Photo of white and purple onions

Green Restaurant Certified


The Green Restaurant Association provides a way for clients to measure a restaurant or catering company’s environmental accomplishments by using 25 years of research to measure how a company performs across seven categories:

  1. Water efficiency
  2. Waste reduction and recycling
  3. Sustainable durable goods and building materials
  4. Sustainable food
  5. Energy
  6. Reusable and environmentally preferable disposables
  7. Chemical and pollution reduction

DC Greenleaf is proud to be a 3-star certified Green Company.

 

photo of fresh mushrooms

eatREAL Certified business

eatReal is a nonprofit, nongovernmental organization dedicating to fighting diet-related disease by realigning the food service industry’s incentives with consumers’ health interests. It was launched by the US Healthful Food Council.

Our certification with eatREAL demonstrates our commitment to providing healthy options, cutting down or eliminating fried and processed foods, and using local and sustainable organic vendors.

REAL stands for Responsible Epicurean Agricultural Leadership.

  1. Responsible: Food and beverage options provide health benefits.
  2. Epicurean: Preparation maintains or enhances healthfulness of food.
  3. Agricultural: Food is sourced with a focus on quality, sustainability, and animal welfare standards.
  4. Leadership: Establishment demonstrates best practices and enables better choices.

Our certification means that we were audited for both health and sustainability by a Registered Dietitian and by the US Healthful Food Council.

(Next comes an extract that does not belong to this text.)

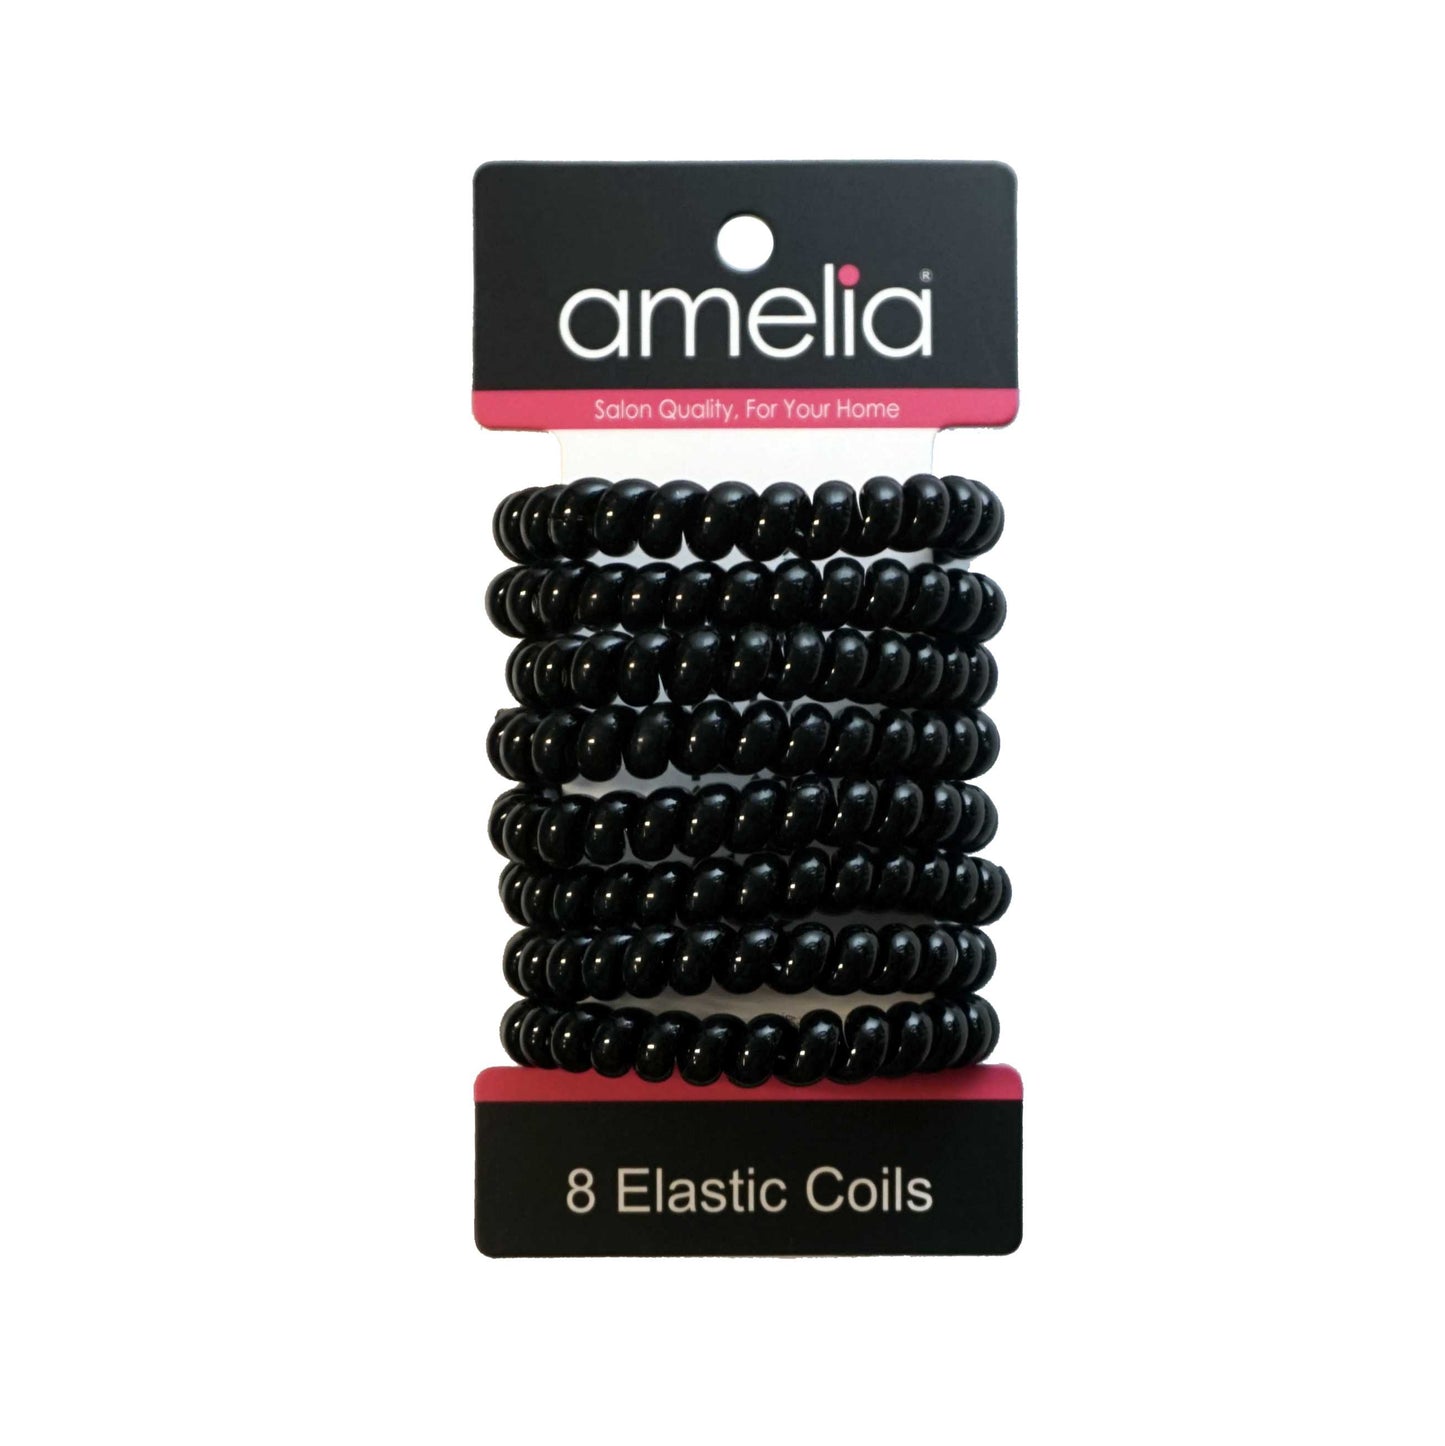 Amelia Beauty Products 8 Large Smooth Elastic Hair Coils, 2. 5in Diameter Thick Spiral Hair Ties, Gentle on Hair, Strong Hold and Minimizes Dents and Creases, Black

eatREAL Animal Initiatives

At DC GreenLeaf, we care about the well-being of farm animals and that is why we commit to source 100% of our chicken, eggs, beef, and game meats from farms and ranches with an animal welfare certification recognized by REAL Certified and ASPCA® Shop With Your Heart program. Furthermore, by 2024, we will only source chicken from farms that are certified by Global Animal Partnership and require that chickens be processed in a CAS system that’s widely hailed as more humane.